If the dispensaries win their appeals, they will start the next stage in the permit process, which means submitting more information and inviting comment from the public. But once that process is finished, they will exist legally as businesses in Vancouver (even if what the businesses do is still technically illegal under Canadian law).

"The upshot of all the bylaws is we created a regulatory structure where we said you can exist, and as long as you follow these rules nobody will touch you," says city councillor Kerry Jang. That's a valuable status for a business that has so far only existed in a legal gray area.

Dispensaries have been raided, shut down, and fined in the past in Vancouver, and all across Canada they exist in a state of uncertainty. Last month Good Weeds Lounge in Toronto was raided days after a VICE interview in which the owner, now arrested on trafficking charges, insisted that he had "complete confidence" in what he was doing.

Other Vancouver city councillors, however, criticize the one-size-fits all approach that city council took with the new zoning restrictions.
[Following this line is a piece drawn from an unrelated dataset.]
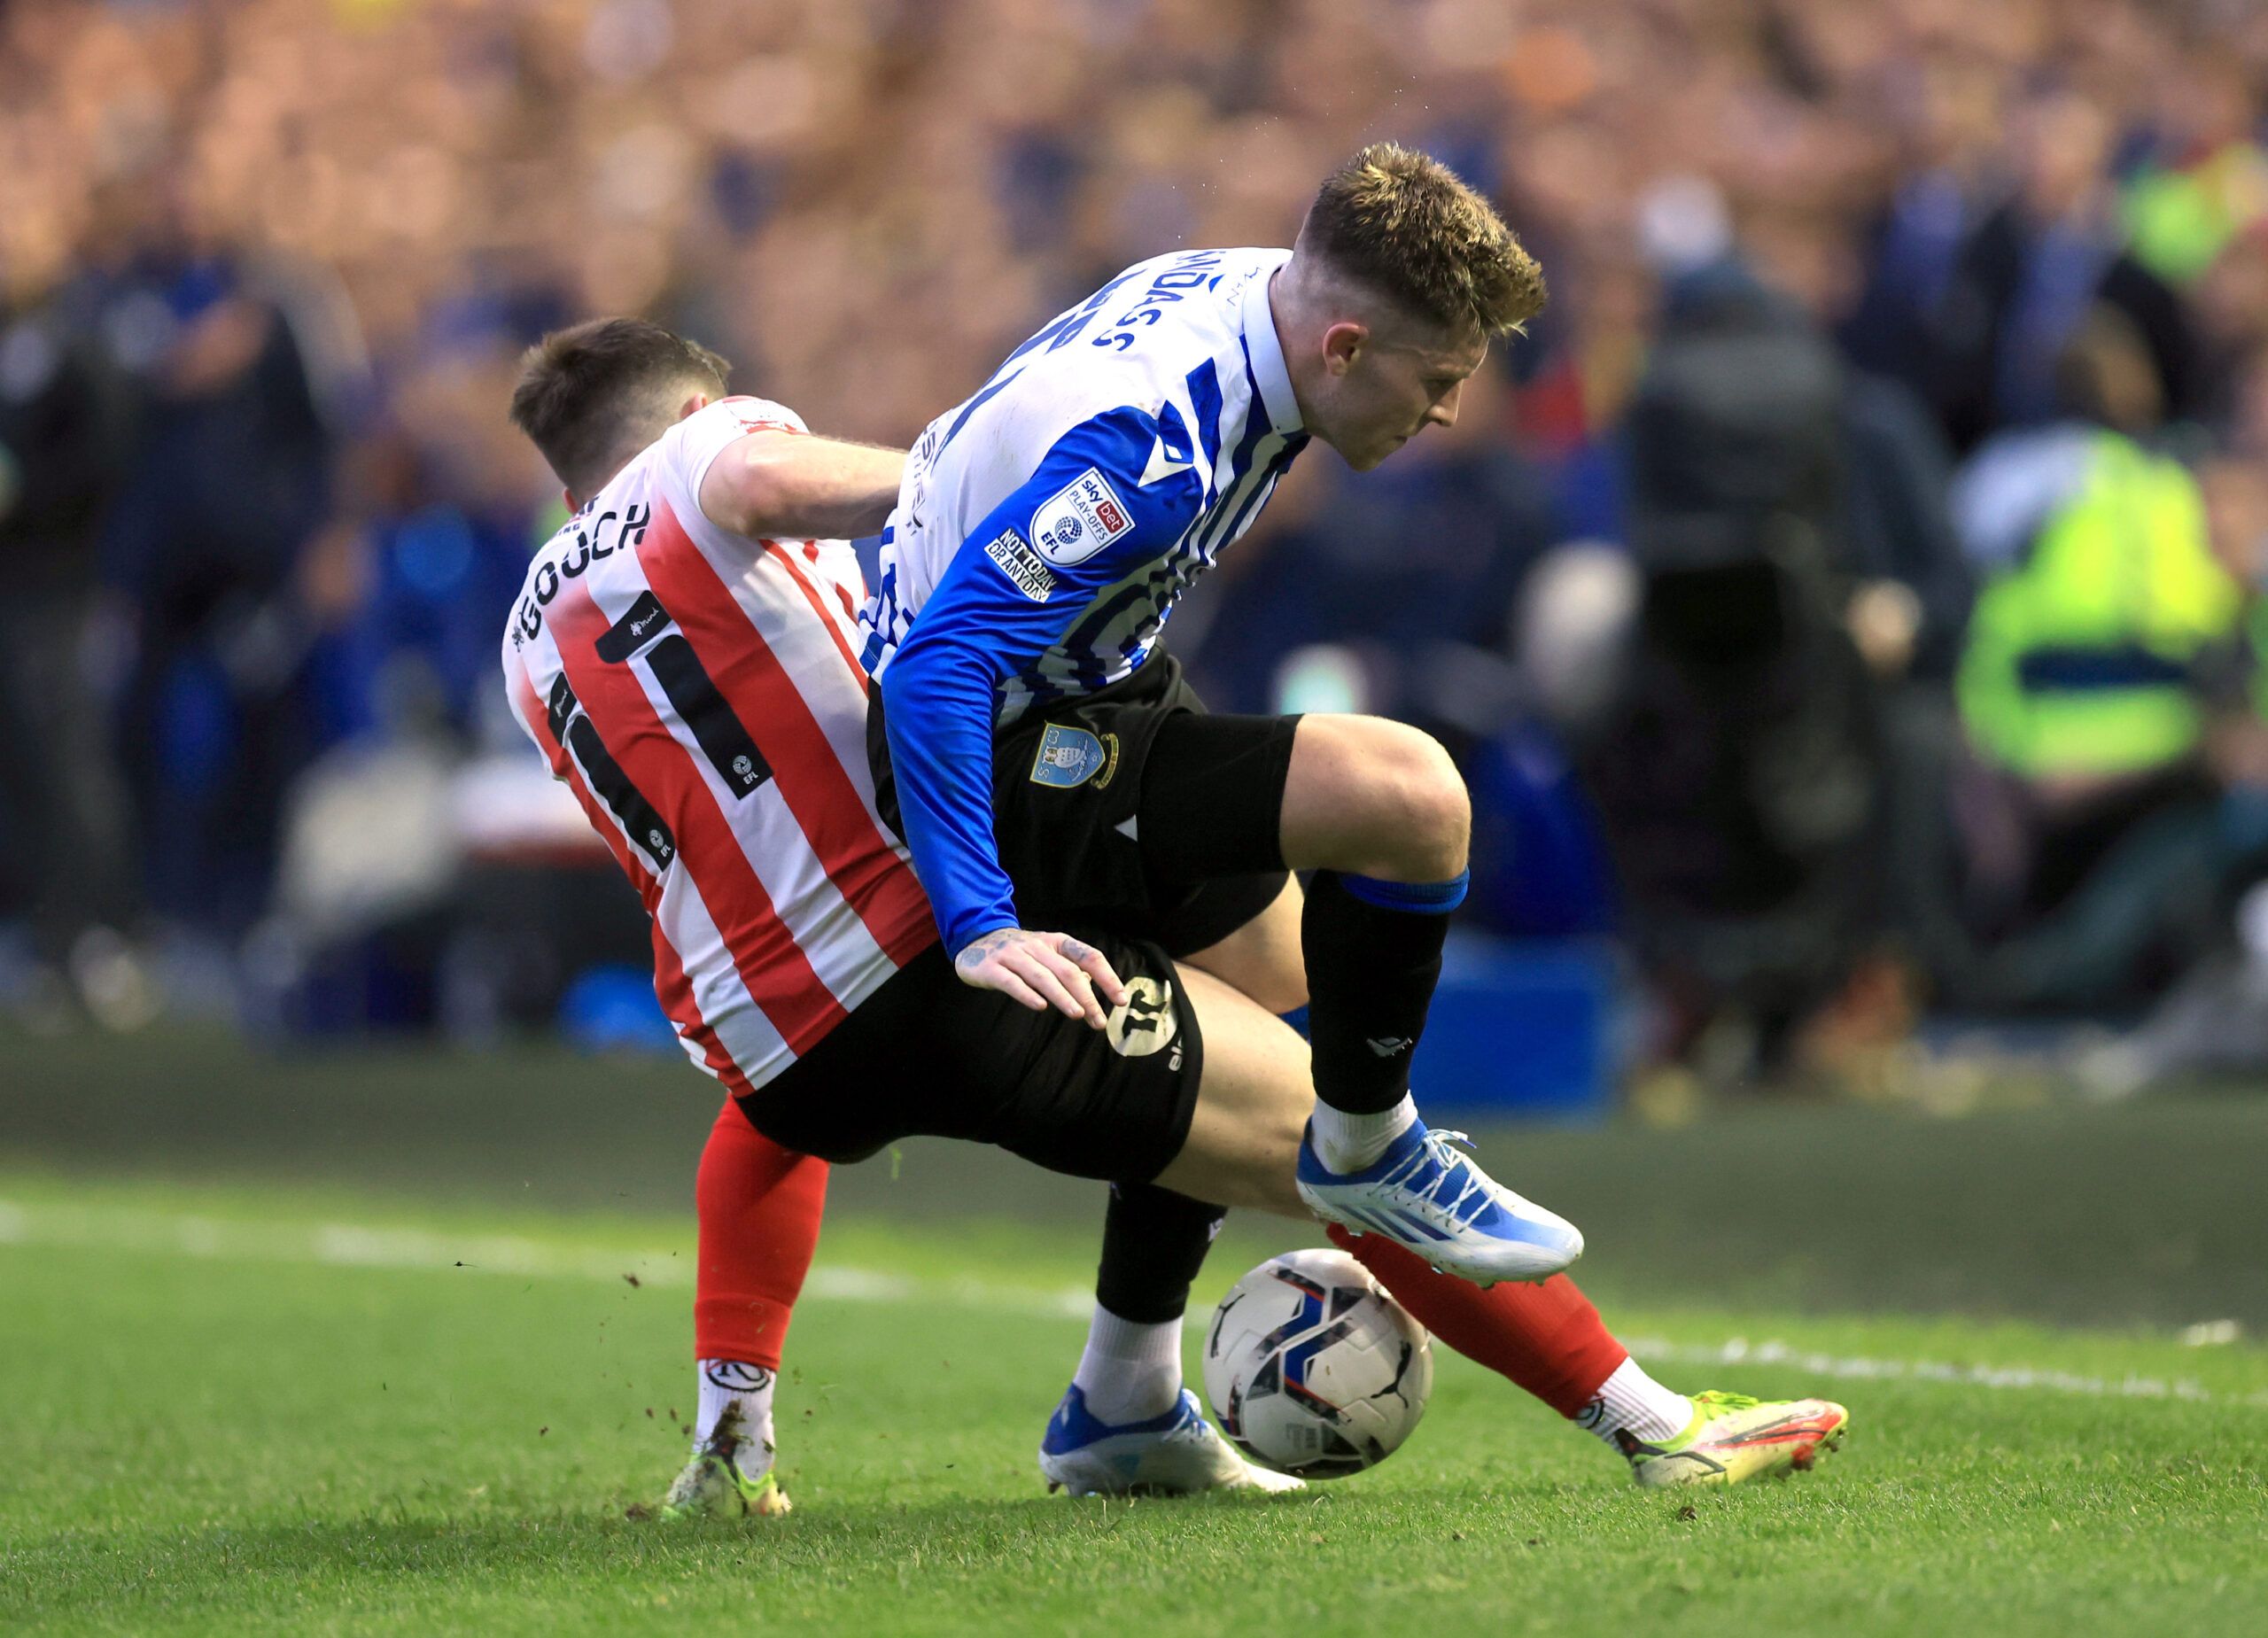 Soccer Football - League One - Play-Off Semi Final Second Leg - Sheffield Wednesday v Sunderland - Hillsborough Stadium, Sheffield, Britain - May 9, 2022 Sunderland's Lynden Gooch in action with Sheffield Wednesday's Josh Windass Action Images/Lee Smith EDITORIAL USE ONLY. No use with unauthorized audio, video, data, fixture lists, club/league logos or 'live' services. Online in-match use limited to 75 images, no video emulation. No use in betting, games or single club /league/player publication

In a statement released Friday, Councillor Melissa De Genova said things should stay the way they are while the federal government figures out what marijuana legalization will look like.

"I find it inconsistent and kind of hypocritical that Council has said no to ride-sharing services such as Uber, claiming that the Provincial government doesn't have any regulations in place yet, but Council is willing to say yes to marijuana businesses even though the federal government doesn't have new regulations in place yet," De Genova said.

There haven't been many hints as to what the new federal rules will be, or when legalization will take effect nationally. Pot has been de facto legal in Vancouver for years since the police said they would not devote resources to simple possession charges or shutting down dispensaries. The new federal laws, however, could mean an overhaul in how pot can be supplied or sold, which has longtime marijuana activist and compassion club owner Dana Larsen worried.

"We don't want to see a crackdown on small scale businesses or home growing," he says.